<!--
%\VignetteEngine{knitr}
%\VignetteIndexEntry{3. Automatic Functional Enrichment on Signature Genes}
-->

Automatic Functional Enrichment on Signature Genes
=============================================================

**Author**: Zuguang Gu ( z.gu@dkfz.de )

**Date**: `r Sys.Date()`

**Package version**: `r installed.packages()["cola", "Version"]`

-------------------------------------------------------------

```{r, echo = FALSE, message = FALSE}
library(markdown)
options(markdown.HTML.options = c("use_xhtml", "smartypants", "base64_images", "mathjax", "highlight_code"))
options(markdown.HTML.stylesheet = system.file("resources", "markdown.css", package = "markdown"))
library(knitr)
knitr::opts_chunk$set(
    error = FALSE,
    tidy  = FALSE,
    message = FALSE,
    warning = FALSE,
    fig.align = "center")
options(width = 100)
library(cola)
```

If the matrix rows can correspond to genes (e.g. the gene expression matrix,
or the methylation array data where CpG sites can be annotated to the
transcription start site of genes), _cola_ performs functional enrichment by
the `functional_enrichment()` function to the signatures by
[*ClusterProfiler*](https://bioconductor.org/packages/clusterProfiler/),
[*DOSE*](https://bioconductor.org/packages/DOSE/) or
[*ReactomePA*](https://bioconductor.org/packages/ReactomePA/) packages.

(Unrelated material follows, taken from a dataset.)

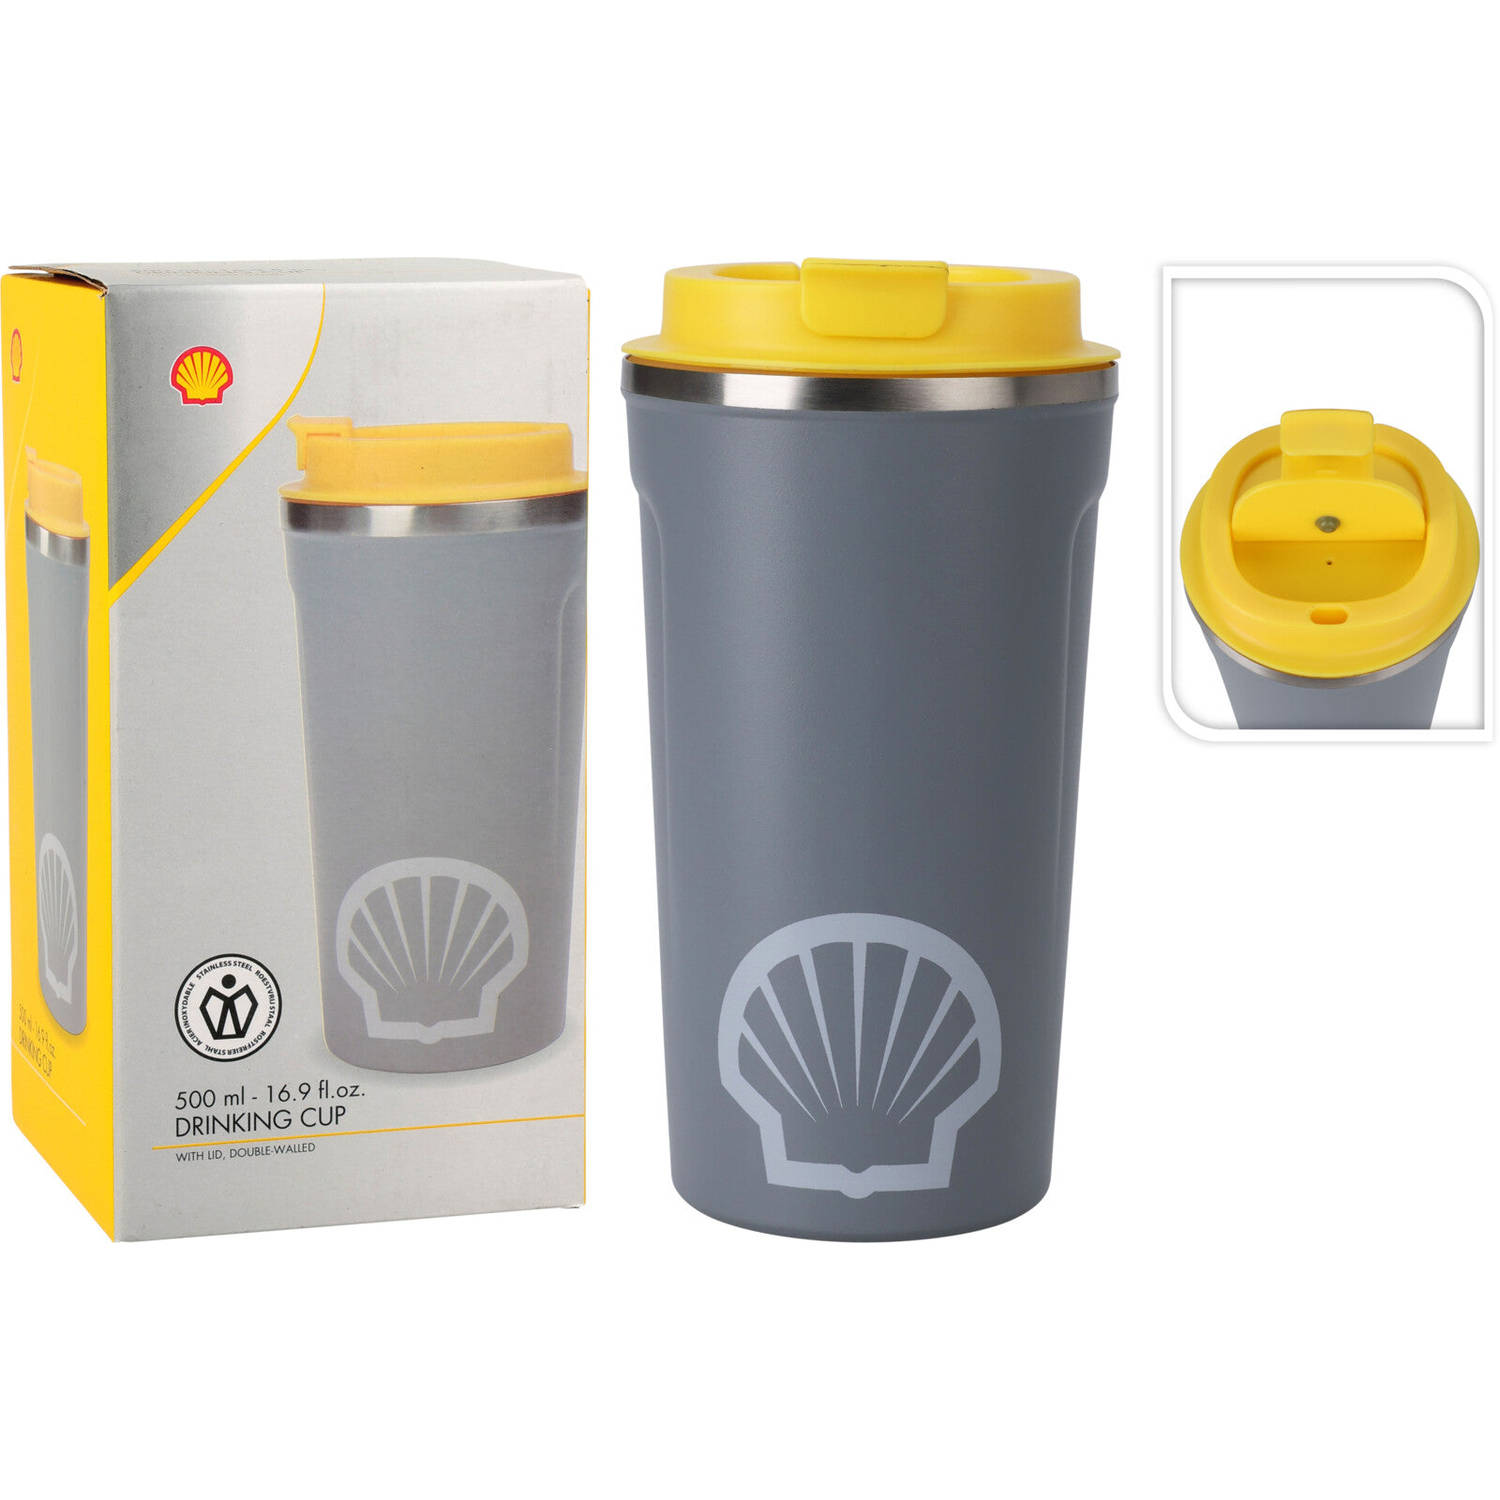 Shell Drinkbeker - Drinkfles - Waterfles To Go - 500ml - BPA-Vrij - Grijs/Geel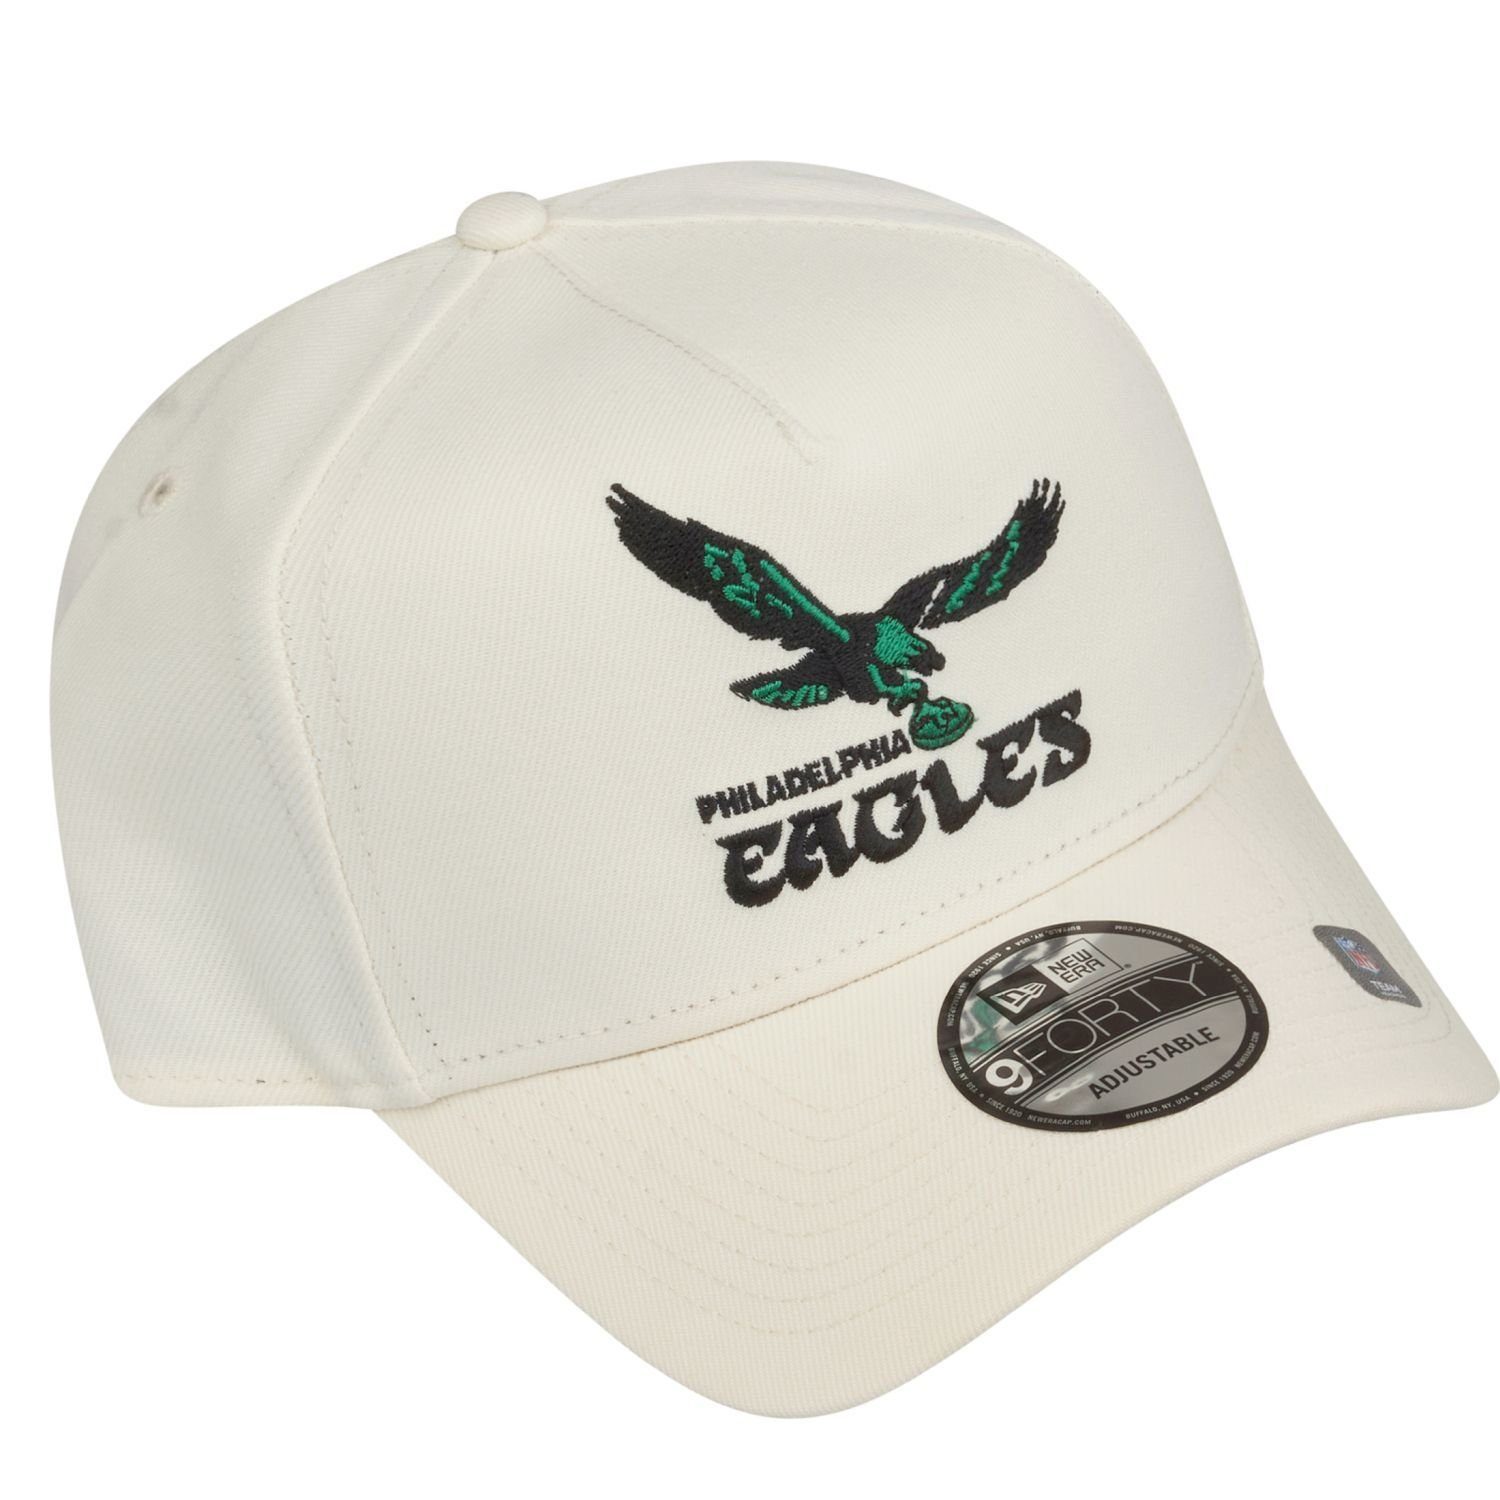 New Era Eagles AFrame Trucker 9Forty white Philadelphia TEAMS Retro chrome Cap NFL Trucker

We first demonstrate the usage of `functional_enrichment()` function by the
TCGA GBM dataset. In following example code, `TCGA_GBM_subgroup.rds` is
generated by the code demonstrated
[here](https://jokergoo.github.io/cola_examples/TCGA_GBM/). We download the
result file that has already been generated.

```{r, results = "hide"}
download.file("https://jokergoo.github.io/cola_examples/TCGA_GBM/TCGA_GBM_subgroup.rds", 
    destfile = "TCGA_GBM_subgroup.rds", quiet = TRUE)
rl = readRDS("TCGA_GBM_subgroup.rds")
file.remove("TCGA_GBM_subgroup.rds")
```

We select result from a single method `ATC:skmeans`:

```{r}
library(cola)
res = rl["ATC:skmeans"]
res
```

We check how the signature genes looks like under 4-group classification:

```{r}
set.seed(123)
get_signatures(res, k = 4)
```

Rows are split into four groups with different expression patterns among
samples. The functional enrichment will be applied to genes in each
row-cluster.

To apply functional enrichment, the important thing is to check the gene ID
type in the input matrix. The helper function `rownames()` directly returns
the row names of the matrix stored in `res`.

```{r}
head(rownames(res))
```

The gene ID is symbol. For all enrichment analysis provided by
*ClusterProfiler*, *DOSE* or *ReactomePA*, the core ID type is Entrez
ID, thus we need to convert from symbol to Entrez ID.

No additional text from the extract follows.